Wang Peng-Zi, He Bin-Qing, Cheng Ying, Chen Jia-Rong, Xiao Wen-Jing
CCNU-uOttawa Joint Research Centre, Hubei International Scientific and Technological Cooperation Base of Pesticide and Green Synthesis, Key Laboratory of Pesticides & Chemical Biology Ministry of Education, College of Chemistry, Central China Normal University, 152 Luoyu Road, Wuhan, Hubei 430079, China.
State Key Laboratory of Applied Organic Chemistry, Lanzhou University, Lanzhou 730000, China.
Org Lett. 2019 Sep 6;21(17):6924-6929. doi: 10.1021/acs.orglett.9b02535. Epub 2019 Aug 22.

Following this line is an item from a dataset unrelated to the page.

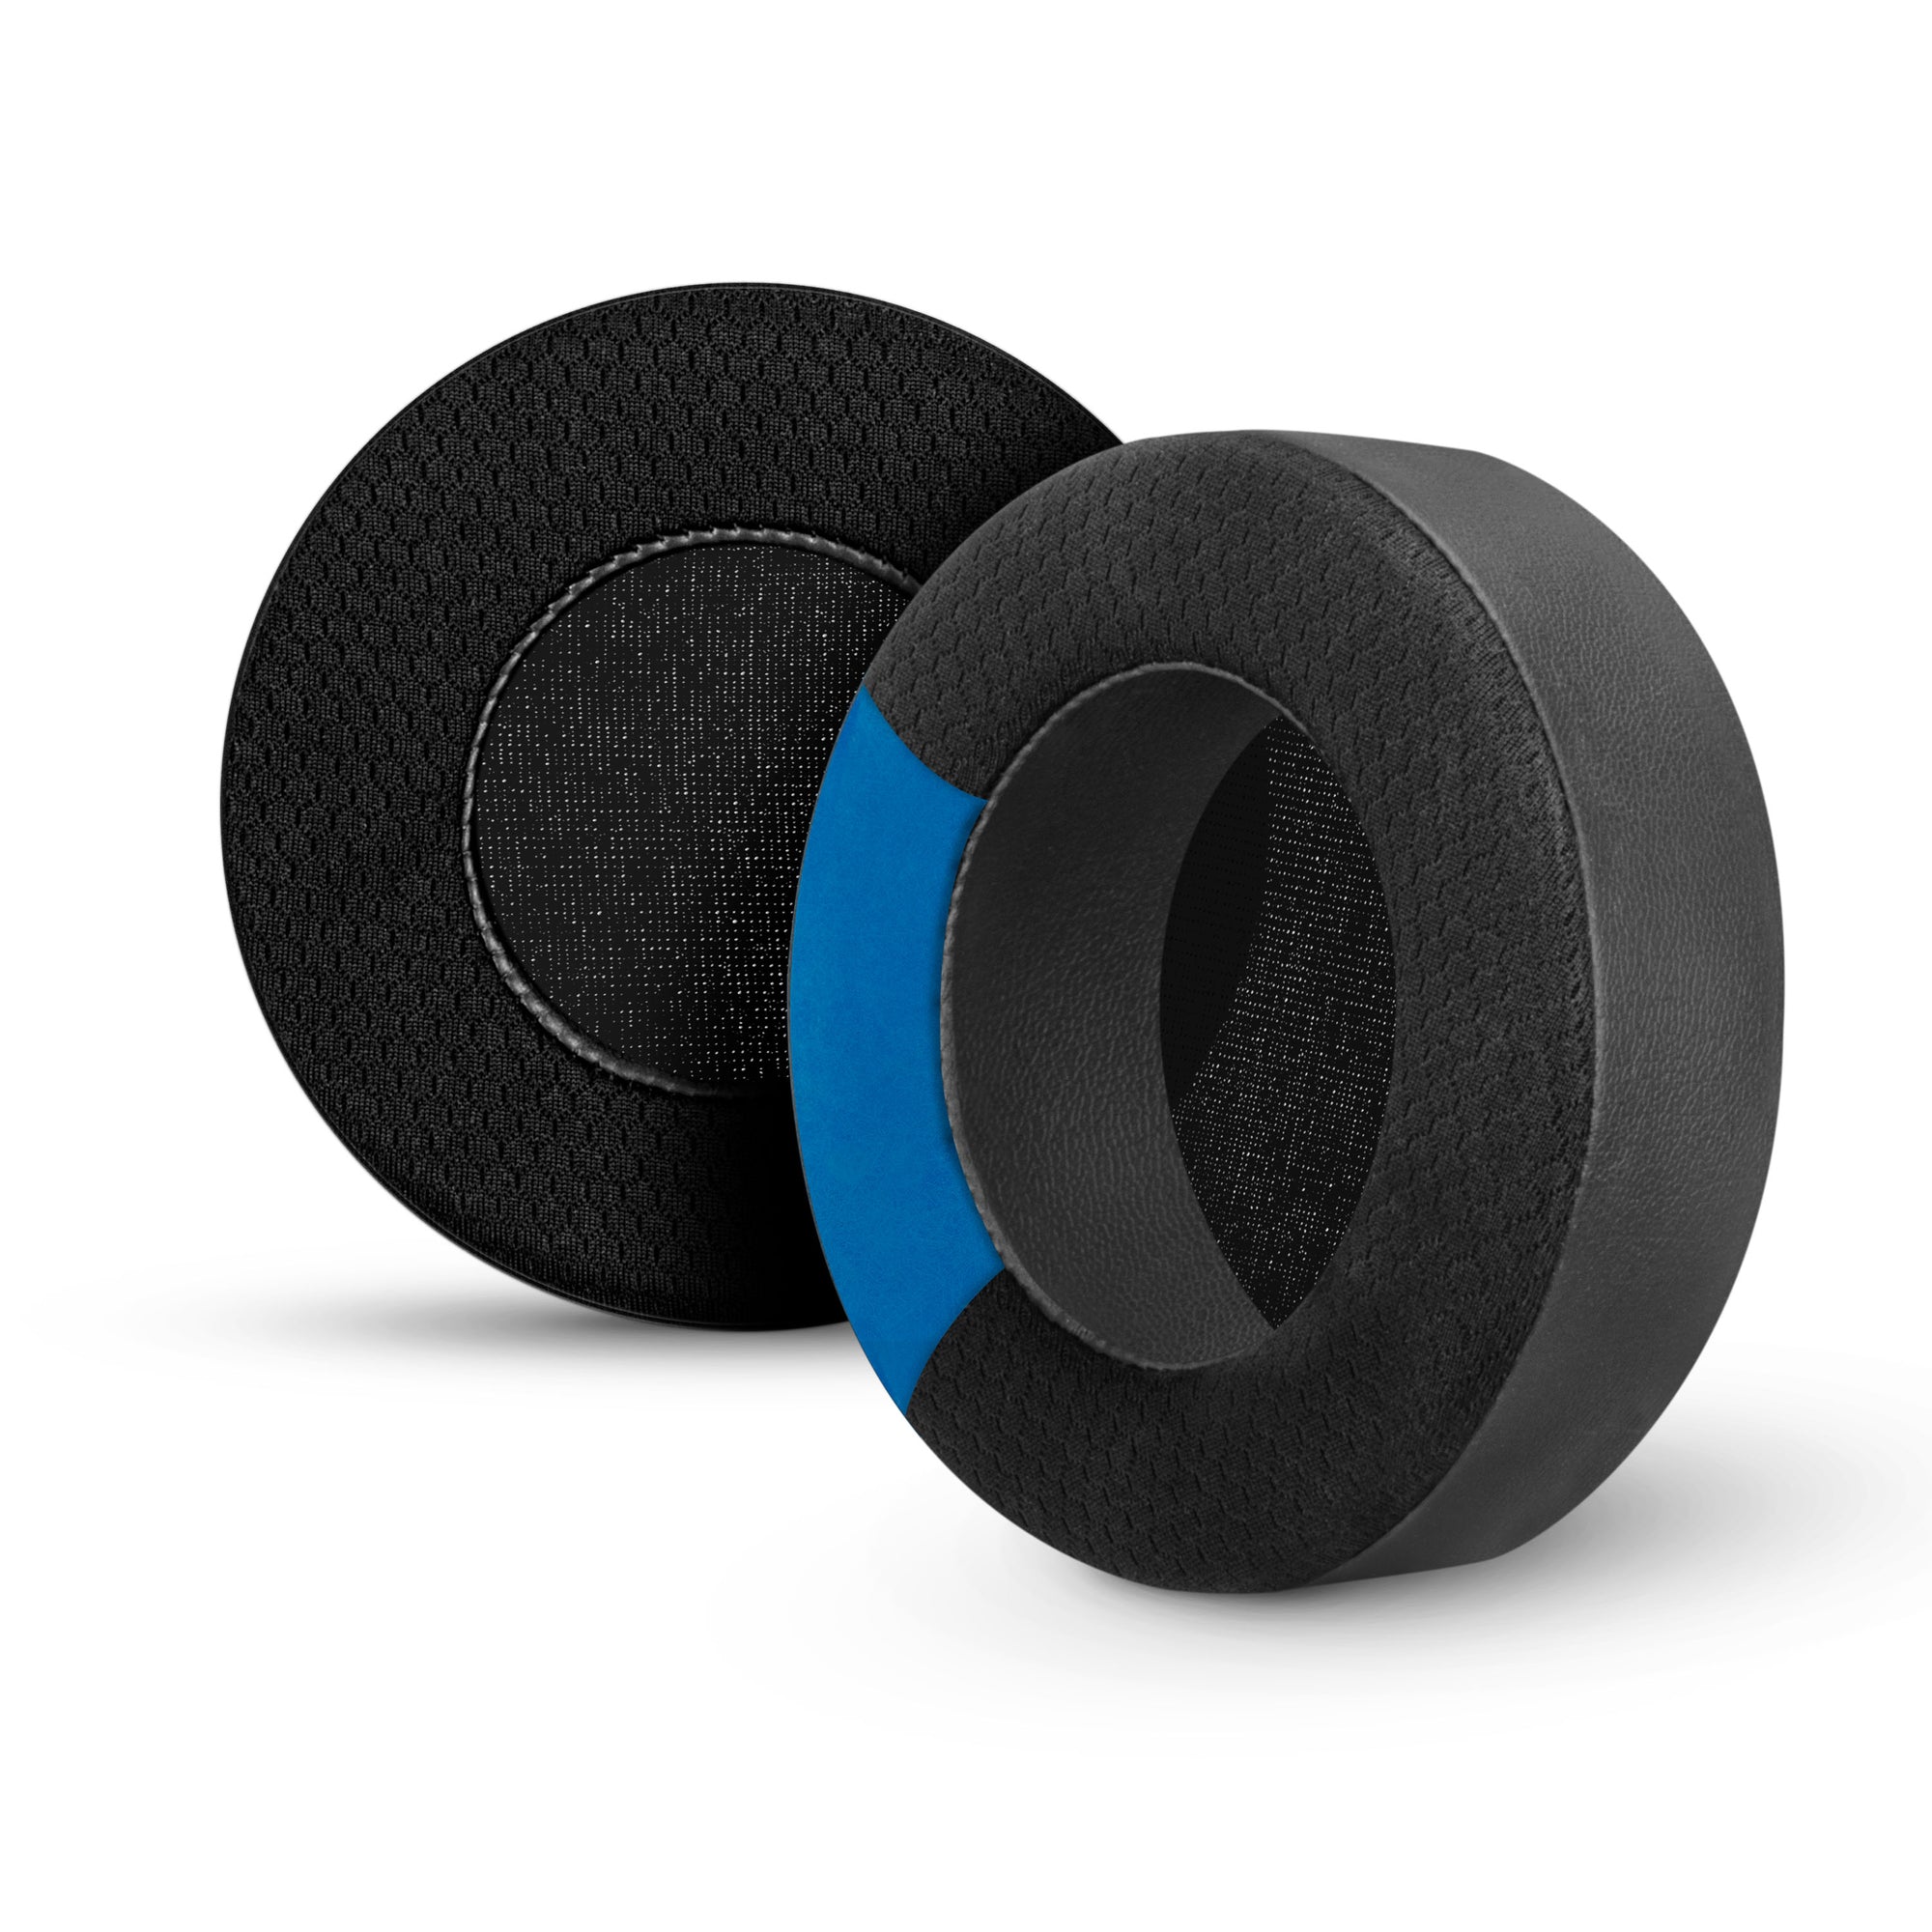 Hybrid Replacement Earpads for Corsair Virtuoso Gaming Headset (Wireless/XT/SE) - Cooling Gel, Memory Foam, Durable, Thick & Sound Isolating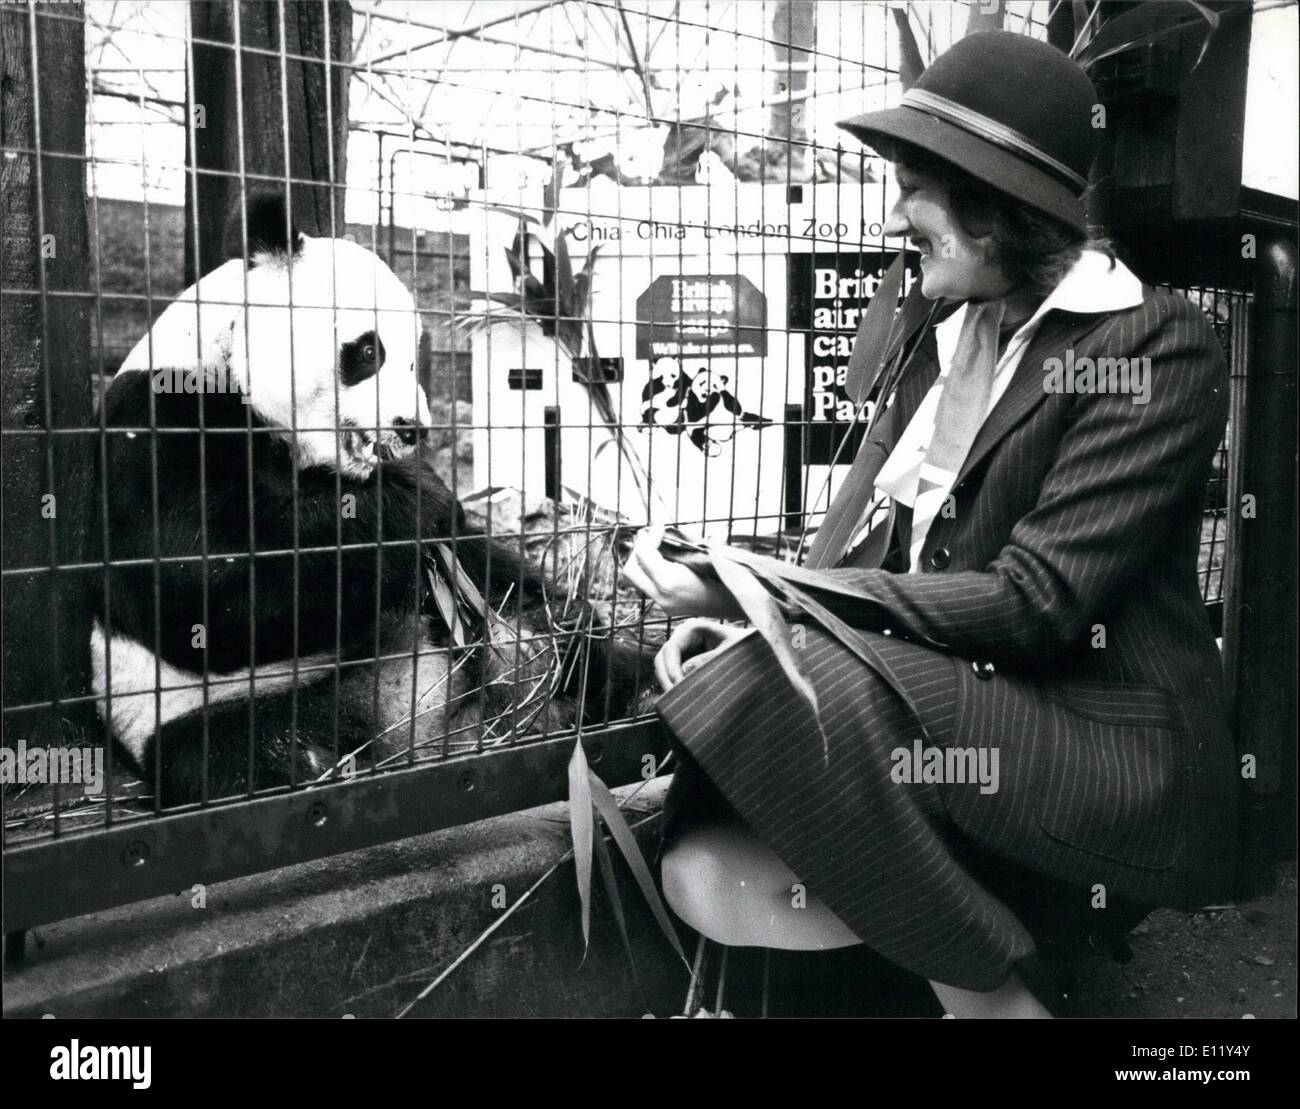 Mar. 03, 1981 - Chia Chia London's Giant Panda Meets His Air hostess Before  Flying off to America: London Zoo's Giant Panda, Chia-Chia, met British  Airways Stewardess, Jacqueline Walker, who gave him

A light-driven, metal-free, and iminyl radical-mediated ring-opening C-C bond cleavage/addition cascade of -4-methoxybenzyl oxime ethers and alkenes is described for the first time. The reaction shows a broad substrate scope and high functional group compatibility with both components, giving the corresponding valuable oxo nitriles in generally good yields. Key to the success of this protocol is the generation of cyclic iminyl radicals from the -4-methoxybenzyl oxime ethers via a photocatalytic hydrogen atom transfer (HAT) process. The proposed main pathway is also supported by the preliminary mechanistic studies.
首次报道了一种光驱动、无金属且由亚胺基自由基介导的对甲氧基苄基肟醚与烯烃的开环碳-碳键裂解/加成串联反应。该反应对两种底物都具有广泛的底物范围和高官能团兼容性,通常能以良好的产率得到相应有价值的氧代腈。该方法成功的关键是通过光催化氢原子转移(HAT)过程从对甲氧基苄基肟醚生成环状亚胺基自由基。初步的机理研究也支持所提出的主要反应途径。